The Basics of Cajun Tuning

basics getting started how-to ifiddlemag Apr 09, 2020

Hi, I’m Mitch Reed, and thanks for joining me today. I’m going to talk a little bit about Cajun tuning. My violin right now is tuned standard EADG, like you would play if you were in an orchestra. If you live down in Southwest Louisiana and you were to go to a jam session, you would find out really quickly that most of the fiddle players down here are what we call "tuned down". And so what we do is everything goes down a whole step. The E string becomes a D, the A becomes a G, the D becomes a C, and the G becomes an F; that’s just what we call Cajun tuning or tuned down. And what it does, it gives a fiddle a bluesier sound. It’s not as edgy. And it also makes it easier to play with a C accordion, which really is the dominant accordion that is used in Cajun music now. So by tuning your D down to the C string, now you have an open C string that can be a continuous drone and that’s where we get that style. [01:21]

And the traditional style of Cajun fiddling, if you were to look at it, you’re playing the melody on one string and you’re rocking your bow a little bit to catch the next string over an open string and then you bow the two strings together. And it sounds like two fiddles playing. [01:41]

A lot of Cajun fiddle tunes, you’re really only playing two strings, but it sounds like a bunch of strings and you can add some other strings if you want to give it some extra decoration. But really the backbone of Cajun music is you’re playing the melody on one string, catching the next string as just a drone, almost like a bagpipe. And by tuning our fiddles down to Cajun tuning, we can have a drone string that’s in the key of C, which makes it a lot easier for us to play with a C accordion. Whereas if you have a standard tuned violin, EADG, to get those C chords, you have to use a double stop. You have to use a lot of fingers to hold down some strings and it just makes it a little bit more complicated. It’s not impossible. And there are some great Cajun fiddlers down here that never tune their fiddles down and always just leave them standard where they can play in almost any key.

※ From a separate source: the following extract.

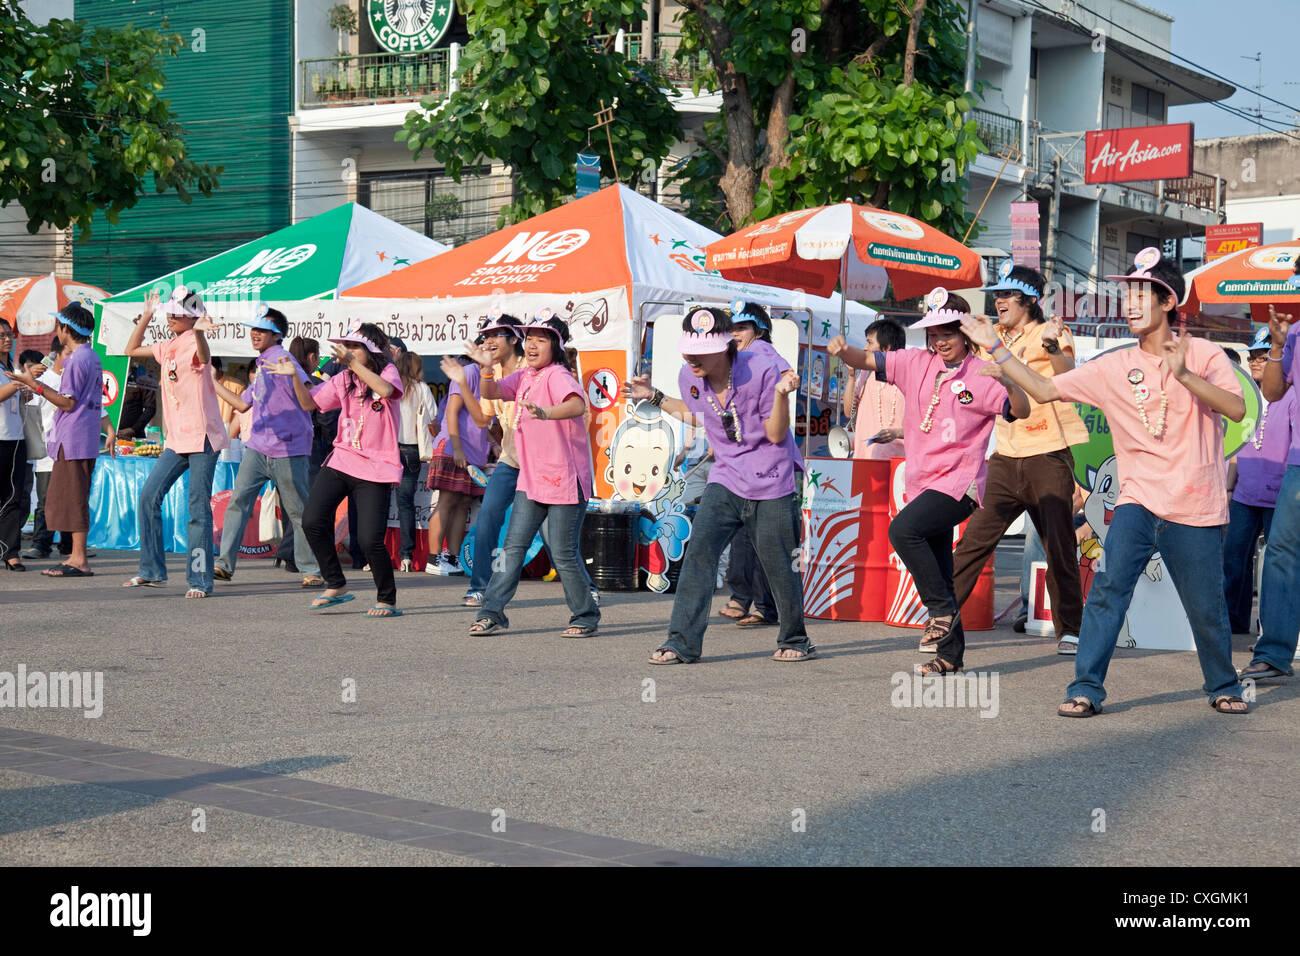 Dancing protestors (promoting reduced alcohol and cigarette consumption), Pratu Tha Phae, Chiang Mai, Thailand - Stock Image

The old traditional Cajun and Creole l guys that I learned from would always tune their fiddles to whatever key they were playing. They found that note and tuned an open string to it. Even some of the Zydeco fiddle players that I learned from would tune their fiddles all the way down to B flat because they use the B flat accordion in Zydeco so that the saxophones and the horns can play alone. So yeah, just a little information about Cajun tuning. If you go to my website, MitchReedMusicLessons.com and you become a member, or just want to listen to some of the vlogs that I do you’ll notice that my fiddle is tuned down to Cajun tuning.

Most Cajun fiddlers actually get two violins. They’ll get one and leave it tuned standard and then they’ll have another one and they’ll tune it down and they’ll get a double fiddle case. So when they travel around and go around, they have their Cajun fiddle and they have their standard fiddle. So personally, I play a lot of different styles. Cajun music and Creole music’s my main style, but I play Irish fiddle and I play some old-timey fiddle. And so it’s nice to have two fiddles where if I want to play with a C accordion I’ve got my tuned down fiddle. But if I want to play some Irish jigs or old-timey tunes, I have my standard fiddle ready.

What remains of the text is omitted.